Segment Start: Provided data

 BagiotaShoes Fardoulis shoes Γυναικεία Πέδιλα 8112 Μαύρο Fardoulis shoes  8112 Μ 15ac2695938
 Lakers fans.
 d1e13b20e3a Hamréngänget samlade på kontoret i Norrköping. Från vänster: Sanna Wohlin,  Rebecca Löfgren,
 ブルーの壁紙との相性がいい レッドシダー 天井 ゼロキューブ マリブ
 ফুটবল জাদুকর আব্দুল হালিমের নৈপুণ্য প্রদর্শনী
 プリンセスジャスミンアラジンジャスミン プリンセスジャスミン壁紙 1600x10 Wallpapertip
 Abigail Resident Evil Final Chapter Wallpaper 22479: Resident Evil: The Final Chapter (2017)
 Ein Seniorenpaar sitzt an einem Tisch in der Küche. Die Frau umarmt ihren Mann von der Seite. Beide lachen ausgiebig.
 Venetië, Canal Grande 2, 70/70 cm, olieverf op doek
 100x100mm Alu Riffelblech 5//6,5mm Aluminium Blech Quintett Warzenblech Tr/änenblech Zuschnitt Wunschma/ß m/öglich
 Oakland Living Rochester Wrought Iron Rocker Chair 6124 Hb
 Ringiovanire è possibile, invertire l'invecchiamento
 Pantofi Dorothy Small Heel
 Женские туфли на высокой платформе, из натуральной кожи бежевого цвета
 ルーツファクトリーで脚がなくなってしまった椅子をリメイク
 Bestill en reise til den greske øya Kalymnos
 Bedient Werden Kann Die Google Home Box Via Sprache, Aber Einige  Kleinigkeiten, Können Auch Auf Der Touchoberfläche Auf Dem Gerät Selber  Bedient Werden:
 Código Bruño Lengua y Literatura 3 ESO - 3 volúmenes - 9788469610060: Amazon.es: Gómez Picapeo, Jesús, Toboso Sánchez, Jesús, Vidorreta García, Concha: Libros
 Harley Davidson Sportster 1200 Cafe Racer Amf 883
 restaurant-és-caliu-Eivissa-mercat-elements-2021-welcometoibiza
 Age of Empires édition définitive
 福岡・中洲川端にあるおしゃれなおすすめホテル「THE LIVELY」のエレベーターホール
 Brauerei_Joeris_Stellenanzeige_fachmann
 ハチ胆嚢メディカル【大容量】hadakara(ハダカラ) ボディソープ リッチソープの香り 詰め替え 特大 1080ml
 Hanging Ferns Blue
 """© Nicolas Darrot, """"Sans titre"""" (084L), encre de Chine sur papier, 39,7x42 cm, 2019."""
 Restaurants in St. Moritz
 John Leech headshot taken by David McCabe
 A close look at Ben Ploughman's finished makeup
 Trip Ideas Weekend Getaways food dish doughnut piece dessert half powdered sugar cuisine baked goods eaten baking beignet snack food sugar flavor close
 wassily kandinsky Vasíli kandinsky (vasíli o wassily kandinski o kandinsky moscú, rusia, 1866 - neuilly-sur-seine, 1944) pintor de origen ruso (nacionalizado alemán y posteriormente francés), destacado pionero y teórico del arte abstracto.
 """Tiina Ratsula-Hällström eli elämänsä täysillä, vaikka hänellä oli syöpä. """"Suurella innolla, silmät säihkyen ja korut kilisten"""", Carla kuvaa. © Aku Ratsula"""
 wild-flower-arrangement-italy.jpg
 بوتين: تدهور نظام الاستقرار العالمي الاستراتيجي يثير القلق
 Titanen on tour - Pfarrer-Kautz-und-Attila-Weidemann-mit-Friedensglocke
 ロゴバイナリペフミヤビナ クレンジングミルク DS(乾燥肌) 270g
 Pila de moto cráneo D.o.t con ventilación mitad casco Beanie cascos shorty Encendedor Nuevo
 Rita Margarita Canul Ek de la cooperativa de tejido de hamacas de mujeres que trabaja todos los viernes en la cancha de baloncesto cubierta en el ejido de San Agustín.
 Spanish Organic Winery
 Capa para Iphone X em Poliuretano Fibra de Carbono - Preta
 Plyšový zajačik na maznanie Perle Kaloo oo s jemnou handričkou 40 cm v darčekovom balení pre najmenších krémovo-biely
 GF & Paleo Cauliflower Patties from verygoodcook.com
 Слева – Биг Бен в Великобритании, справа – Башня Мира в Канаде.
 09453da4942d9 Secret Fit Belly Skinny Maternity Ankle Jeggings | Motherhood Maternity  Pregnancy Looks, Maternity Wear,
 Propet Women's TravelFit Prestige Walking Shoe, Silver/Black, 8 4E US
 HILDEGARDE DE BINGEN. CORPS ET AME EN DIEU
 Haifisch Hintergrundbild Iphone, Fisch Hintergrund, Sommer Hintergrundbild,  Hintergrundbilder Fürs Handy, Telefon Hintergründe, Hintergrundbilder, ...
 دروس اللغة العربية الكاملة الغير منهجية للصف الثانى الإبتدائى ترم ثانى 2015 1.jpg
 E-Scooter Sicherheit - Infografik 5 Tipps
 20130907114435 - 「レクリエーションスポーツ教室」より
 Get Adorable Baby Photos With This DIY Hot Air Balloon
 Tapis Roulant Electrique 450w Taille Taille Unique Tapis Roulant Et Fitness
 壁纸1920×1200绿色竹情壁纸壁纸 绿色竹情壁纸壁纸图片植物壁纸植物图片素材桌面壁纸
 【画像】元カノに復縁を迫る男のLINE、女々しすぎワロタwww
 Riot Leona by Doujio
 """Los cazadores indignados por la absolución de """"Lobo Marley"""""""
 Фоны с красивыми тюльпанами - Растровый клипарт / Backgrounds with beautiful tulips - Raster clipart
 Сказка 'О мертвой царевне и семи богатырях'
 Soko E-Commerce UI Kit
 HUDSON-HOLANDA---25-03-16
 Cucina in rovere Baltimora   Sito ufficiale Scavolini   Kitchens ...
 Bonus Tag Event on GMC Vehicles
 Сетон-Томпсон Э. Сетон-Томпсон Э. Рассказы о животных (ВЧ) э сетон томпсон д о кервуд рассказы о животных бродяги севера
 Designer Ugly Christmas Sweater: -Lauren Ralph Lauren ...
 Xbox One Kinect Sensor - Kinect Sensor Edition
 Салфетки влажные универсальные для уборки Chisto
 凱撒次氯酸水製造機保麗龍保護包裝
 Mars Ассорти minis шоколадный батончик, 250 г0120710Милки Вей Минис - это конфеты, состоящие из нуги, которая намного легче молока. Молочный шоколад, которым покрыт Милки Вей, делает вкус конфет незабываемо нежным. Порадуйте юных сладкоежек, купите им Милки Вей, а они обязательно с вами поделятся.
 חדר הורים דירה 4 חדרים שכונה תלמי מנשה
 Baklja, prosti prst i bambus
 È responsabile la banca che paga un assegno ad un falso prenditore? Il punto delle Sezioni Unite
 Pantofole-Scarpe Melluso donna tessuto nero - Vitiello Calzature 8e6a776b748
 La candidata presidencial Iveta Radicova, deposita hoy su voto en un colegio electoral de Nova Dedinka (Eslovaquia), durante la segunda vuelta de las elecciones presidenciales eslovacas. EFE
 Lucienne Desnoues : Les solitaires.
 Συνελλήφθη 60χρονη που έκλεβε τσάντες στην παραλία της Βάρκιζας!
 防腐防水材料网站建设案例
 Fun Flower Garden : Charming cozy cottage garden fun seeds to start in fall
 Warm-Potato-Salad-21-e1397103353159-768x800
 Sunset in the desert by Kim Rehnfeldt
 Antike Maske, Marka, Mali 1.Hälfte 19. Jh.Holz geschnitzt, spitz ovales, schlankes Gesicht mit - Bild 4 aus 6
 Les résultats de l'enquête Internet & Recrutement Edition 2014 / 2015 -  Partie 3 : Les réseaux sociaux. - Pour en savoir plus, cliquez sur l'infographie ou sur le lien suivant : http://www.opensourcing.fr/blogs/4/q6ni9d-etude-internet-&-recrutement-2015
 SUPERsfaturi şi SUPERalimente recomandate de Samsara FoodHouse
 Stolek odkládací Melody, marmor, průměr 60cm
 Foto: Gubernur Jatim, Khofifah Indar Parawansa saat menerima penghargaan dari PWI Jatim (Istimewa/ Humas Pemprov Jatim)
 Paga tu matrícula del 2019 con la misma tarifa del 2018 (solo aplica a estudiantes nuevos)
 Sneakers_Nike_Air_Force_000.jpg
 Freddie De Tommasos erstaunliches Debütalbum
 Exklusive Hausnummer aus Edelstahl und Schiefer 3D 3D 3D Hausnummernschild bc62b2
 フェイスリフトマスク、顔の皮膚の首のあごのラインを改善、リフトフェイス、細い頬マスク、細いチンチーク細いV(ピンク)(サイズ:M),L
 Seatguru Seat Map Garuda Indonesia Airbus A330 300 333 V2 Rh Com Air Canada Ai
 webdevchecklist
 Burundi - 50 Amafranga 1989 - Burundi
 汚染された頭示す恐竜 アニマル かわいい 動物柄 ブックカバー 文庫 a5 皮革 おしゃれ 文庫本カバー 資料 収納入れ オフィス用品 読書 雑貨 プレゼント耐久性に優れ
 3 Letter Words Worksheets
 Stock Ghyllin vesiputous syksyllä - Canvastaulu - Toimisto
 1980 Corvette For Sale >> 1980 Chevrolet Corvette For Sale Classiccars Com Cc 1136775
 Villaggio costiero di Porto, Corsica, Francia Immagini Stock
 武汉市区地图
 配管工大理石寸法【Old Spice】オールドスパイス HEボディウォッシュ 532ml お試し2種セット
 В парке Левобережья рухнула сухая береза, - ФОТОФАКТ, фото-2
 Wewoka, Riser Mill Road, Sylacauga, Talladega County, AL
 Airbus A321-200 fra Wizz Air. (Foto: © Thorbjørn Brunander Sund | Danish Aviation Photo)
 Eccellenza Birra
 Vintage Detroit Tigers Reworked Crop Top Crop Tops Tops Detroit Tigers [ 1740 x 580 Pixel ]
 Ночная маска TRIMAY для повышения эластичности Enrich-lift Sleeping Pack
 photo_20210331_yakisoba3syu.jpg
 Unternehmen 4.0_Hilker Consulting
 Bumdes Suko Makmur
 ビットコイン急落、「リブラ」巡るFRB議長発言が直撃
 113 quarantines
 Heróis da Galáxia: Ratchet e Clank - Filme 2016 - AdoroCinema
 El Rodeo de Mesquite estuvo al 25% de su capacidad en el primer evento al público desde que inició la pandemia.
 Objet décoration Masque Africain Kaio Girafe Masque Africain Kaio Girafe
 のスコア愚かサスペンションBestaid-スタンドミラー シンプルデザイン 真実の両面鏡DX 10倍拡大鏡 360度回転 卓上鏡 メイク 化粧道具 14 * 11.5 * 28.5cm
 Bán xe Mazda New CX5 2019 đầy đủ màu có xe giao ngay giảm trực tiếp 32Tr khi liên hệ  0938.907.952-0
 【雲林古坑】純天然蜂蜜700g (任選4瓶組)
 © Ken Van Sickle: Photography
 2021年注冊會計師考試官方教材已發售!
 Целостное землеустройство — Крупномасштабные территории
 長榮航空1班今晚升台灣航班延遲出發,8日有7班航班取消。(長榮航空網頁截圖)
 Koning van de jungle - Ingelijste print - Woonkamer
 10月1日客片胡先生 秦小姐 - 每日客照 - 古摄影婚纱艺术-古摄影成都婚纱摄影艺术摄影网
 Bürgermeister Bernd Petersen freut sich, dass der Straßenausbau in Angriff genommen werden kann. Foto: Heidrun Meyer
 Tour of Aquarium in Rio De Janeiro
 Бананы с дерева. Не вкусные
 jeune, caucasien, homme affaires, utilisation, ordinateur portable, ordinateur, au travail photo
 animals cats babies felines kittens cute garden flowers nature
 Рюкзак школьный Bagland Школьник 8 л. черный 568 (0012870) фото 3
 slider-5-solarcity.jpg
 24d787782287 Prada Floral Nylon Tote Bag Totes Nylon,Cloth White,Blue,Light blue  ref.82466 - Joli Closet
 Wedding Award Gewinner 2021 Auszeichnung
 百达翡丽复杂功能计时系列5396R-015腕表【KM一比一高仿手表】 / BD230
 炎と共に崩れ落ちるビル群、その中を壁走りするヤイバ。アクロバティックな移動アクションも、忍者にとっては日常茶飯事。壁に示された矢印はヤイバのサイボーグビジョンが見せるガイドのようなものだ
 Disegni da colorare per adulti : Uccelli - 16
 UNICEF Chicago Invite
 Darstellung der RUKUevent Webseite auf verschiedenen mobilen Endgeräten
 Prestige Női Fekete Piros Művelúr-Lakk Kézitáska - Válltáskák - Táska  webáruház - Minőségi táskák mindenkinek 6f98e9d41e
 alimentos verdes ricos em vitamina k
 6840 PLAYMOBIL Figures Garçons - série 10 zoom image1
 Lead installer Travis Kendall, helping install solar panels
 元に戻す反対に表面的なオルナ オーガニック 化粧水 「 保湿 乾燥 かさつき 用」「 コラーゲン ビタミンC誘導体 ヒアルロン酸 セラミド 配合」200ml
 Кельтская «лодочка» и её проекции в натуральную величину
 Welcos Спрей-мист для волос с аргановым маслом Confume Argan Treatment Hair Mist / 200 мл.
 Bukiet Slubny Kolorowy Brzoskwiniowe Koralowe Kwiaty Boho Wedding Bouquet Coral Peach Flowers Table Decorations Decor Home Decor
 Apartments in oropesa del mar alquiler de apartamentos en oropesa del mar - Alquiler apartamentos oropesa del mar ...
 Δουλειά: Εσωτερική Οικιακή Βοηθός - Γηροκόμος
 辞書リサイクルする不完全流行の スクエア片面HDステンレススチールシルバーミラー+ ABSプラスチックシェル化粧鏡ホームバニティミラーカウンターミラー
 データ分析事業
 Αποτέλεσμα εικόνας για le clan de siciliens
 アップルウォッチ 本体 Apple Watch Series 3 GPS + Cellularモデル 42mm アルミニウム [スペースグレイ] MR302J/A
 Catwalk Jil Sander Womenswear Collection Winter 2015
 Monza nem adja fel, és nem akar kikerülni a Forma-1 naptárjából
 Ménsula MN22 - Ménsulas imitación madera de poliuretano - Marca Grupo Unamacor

Segment End: Provided data

Brief: Lines holding the word "garden" are the answer; copy each one from the records above.

Answer space:
 Fun Flower Garden : Charming cozy cottage garden fun seeds to start in fall
 animals cats babies felines kittens cute garden flowers nature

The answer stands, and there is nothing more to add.